Nicolau Sevcenko aponta que a capitalização, a cosmopolitização, o aburguesamento “modernizador” foi praticado a todo custo e independentemente do mal que pudesse ser cometido a um povo. Um povo que talvez só fosse considerado povo no momento da arrecadação tributária.
José Murilo de Carvalho levanta a idéia de que a política brasileira sofreu influencias ao mesmo tempo, do positivismo, jacobinismo e liberalismo na primeira república. Mas talvez ele tenha esquecido de uma outra, na qual George Luckas trabalha muito bem no texto,”Um Galileu no Século XX “, a Via Prussiana, que através do totalitarismo implantou mudanças modernizadoras com as perspectivas sempre de cima para baixo na Alemanha do século XIX. Diante disto não seria equivocado nem anacrônico colocar que este meio também tenha sido posto em prática no Brasil.
 Termino esta conclusão com uma fala de Câmara Cascudo em 1919 que retrata bem o que sempre foi a política no Brasil; “ Eu o conheci em 1919, ele morreu em 1921. Passando pela Faculdade de Medicina, ele foi nos visitar. Estava em campanha presidencial, competindo com Epitácio Pessoa. Alguém chegou esbaforido e avisou: “Rui Barbosa vem aí”. Não ficou um estudante na cadeira. Todo mundo arribou, inclusive os professores. A faculdade não existe mais, era na praia Vermelha, na Urca. De volta, tomamos a rua, de braços abertos, e ele teve que parar. Fez um pequeno discurso do automóvel, até hoje eu guardo um trecho na memória: “A política, senhores estudantes, é uma verminose brasileira. Inclina o clarão severo e sinistro, aceita o falsete da voz insidiosa e burla as consciências, falando todos os idiomas da mentira”. Só Rui fazia isso. Efetivamente a mentira é poliglota. Só Rui dizia isso".

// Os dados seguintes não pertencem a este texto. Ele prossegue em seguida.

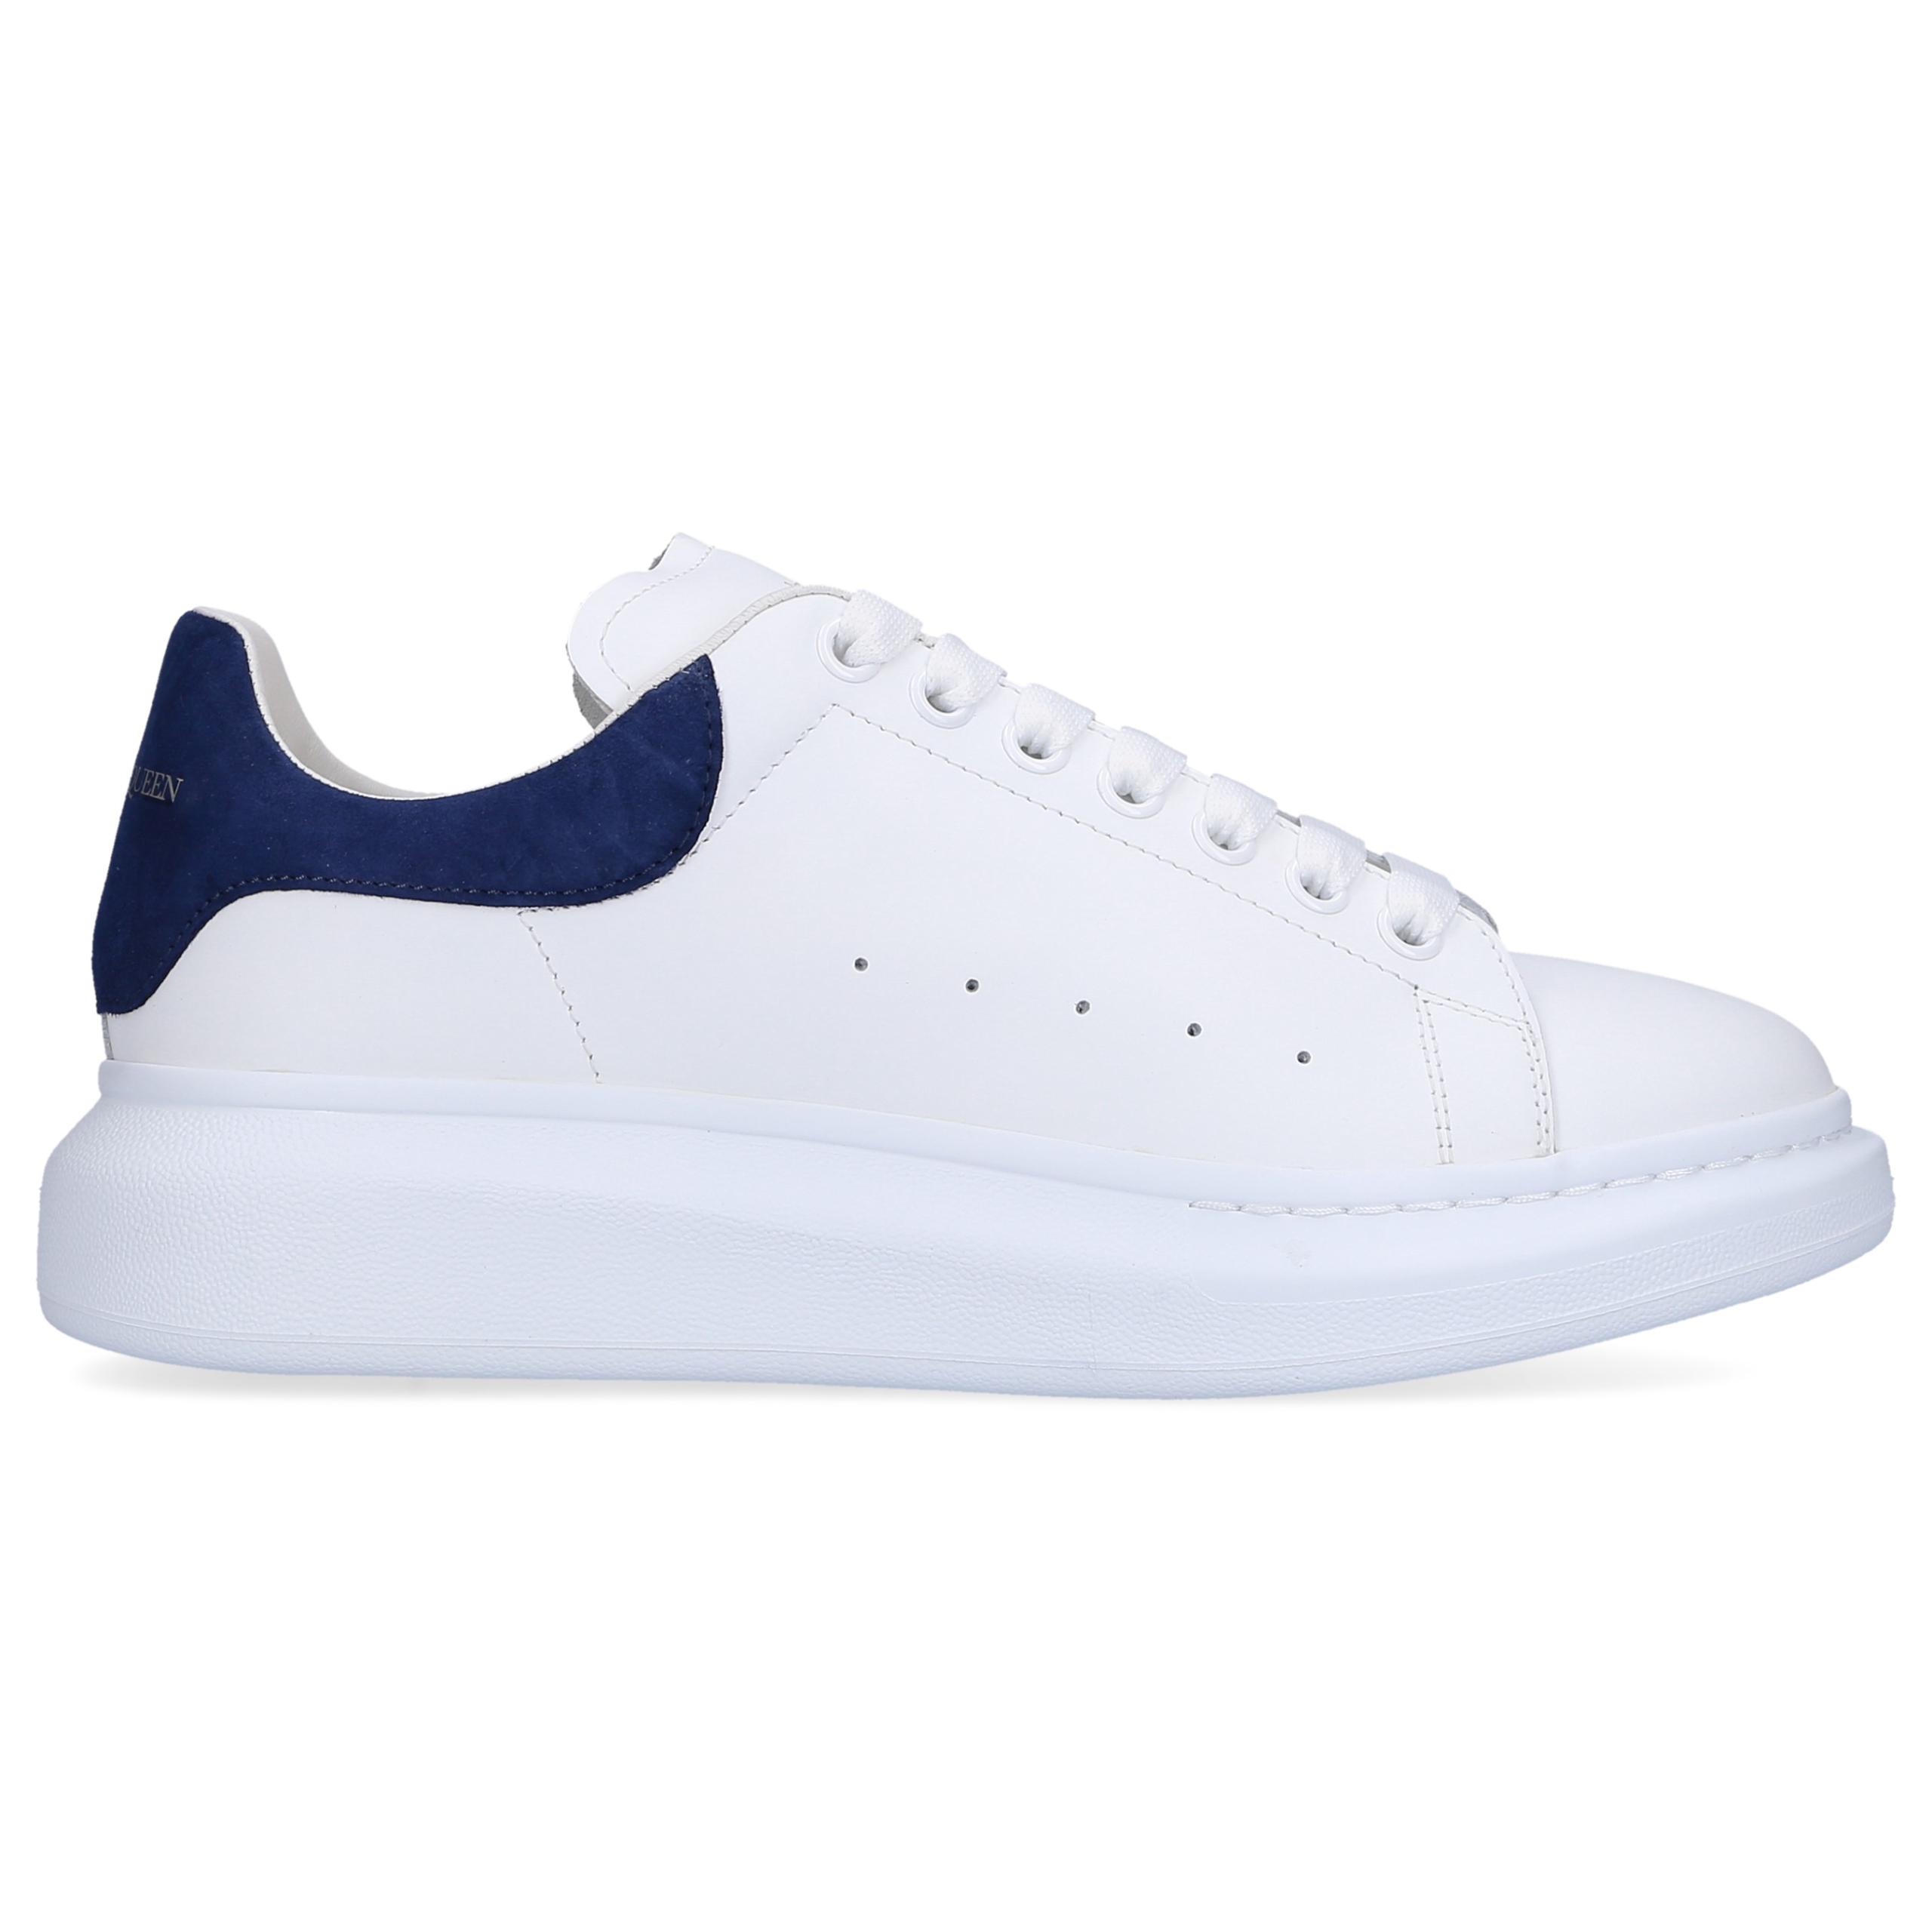 Sneaker low LARRY Kalbsleder blau weiß

                                                                                     




Marcelo A. O. J. Leite.





Bibliografia
  Luckas, George. Um Galilei no Século XX. Faltando dados
  Carvalho, José Murilo. A Formação das Almas. São Paulo: Companhia das Letras, 1990.
  Sevcenko, Nicolau. A Revolta da Vacina. São Paulo: Editora Scipione, 1993.